The tax treatment of an Employee Ownership Trust (EOT) is one of the most important and most misunderstood parts of the structure, and it differs meaningfully from an ESOP.
For the selling owner:
- An EOT does not offer the Section 1042 capital-gains tax deferral that is available when selling to an ESOP or a worker cooperative. The owner is generally taxed on the gain from the sale under the normal rules. (The US has no EOT-specific capital-gains break for the seller; the UK does, so do not assume UK treatment carries over.)
- This is a deliberate trade-off: the EOT avoids the cost and complexity of an ESOP but gives up that specific deferral.
For the business and employees:
- The company can generally take a tax deduction for the profit-sharing it distributes to employees through the trust.
- That profit-sharing is typically taxed to employees as ordinary income, the same way a bonus is — subject to payroll taxes and reported on the W-2 in the year received.

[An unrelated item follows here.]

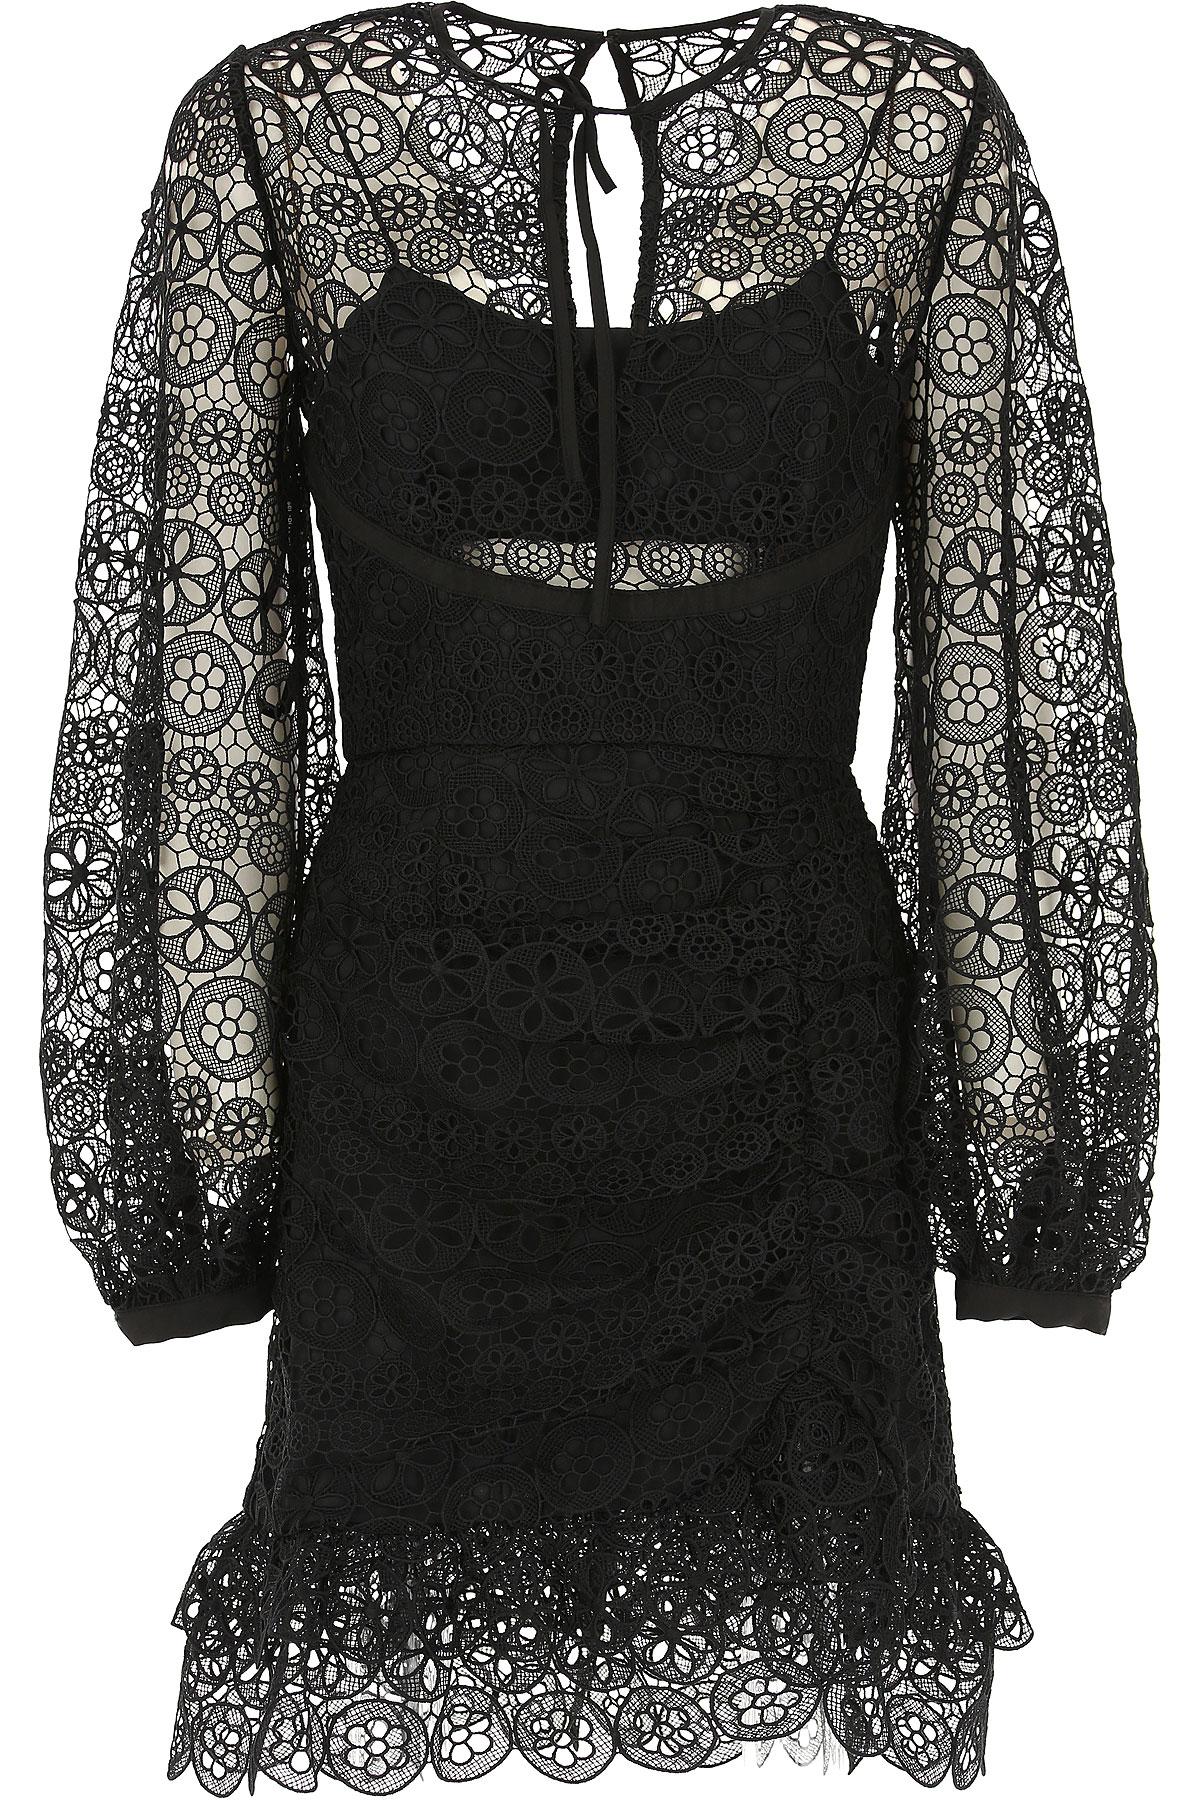 Self-portrait Dress for Women, Evening Cocktail Party On Sale, Black, polyestere, 2017, UK 8 - US 6 - EU 40 UK 10 - US 8 - EU 42

Why this matters: owners weighing an EOT against an ESOP should run the numbers on both. The ESOP's tax advantages can be significant (a 100%-ESOP-owned S corporation pays no federal income tax on the ESOP-owned profits, with no EOT equivalent), but so are its costs. The EOT trades the deferral for a simpler, cheaper structure.
Entity type also shapes the answer. For an EOT, S-corporation shares realistically have to sit in a grantor trust (the other trust types that can hold S-corp stock do not fit a broad employee-ownership trust), so the founder may keep paying income tax on company income even after giving up the economics; a non-grantor EOT that stands on its own tax footing generally cannot keep S status and may need to convert to a C corporation.
Tax outcomes depend on your entity type, your basis in the company, the deal structure, and current law, all of which change. Do not rely on this as tax advice — confirm your specific situation with a CPA or tax attorney experienced in employee-ownership transitions.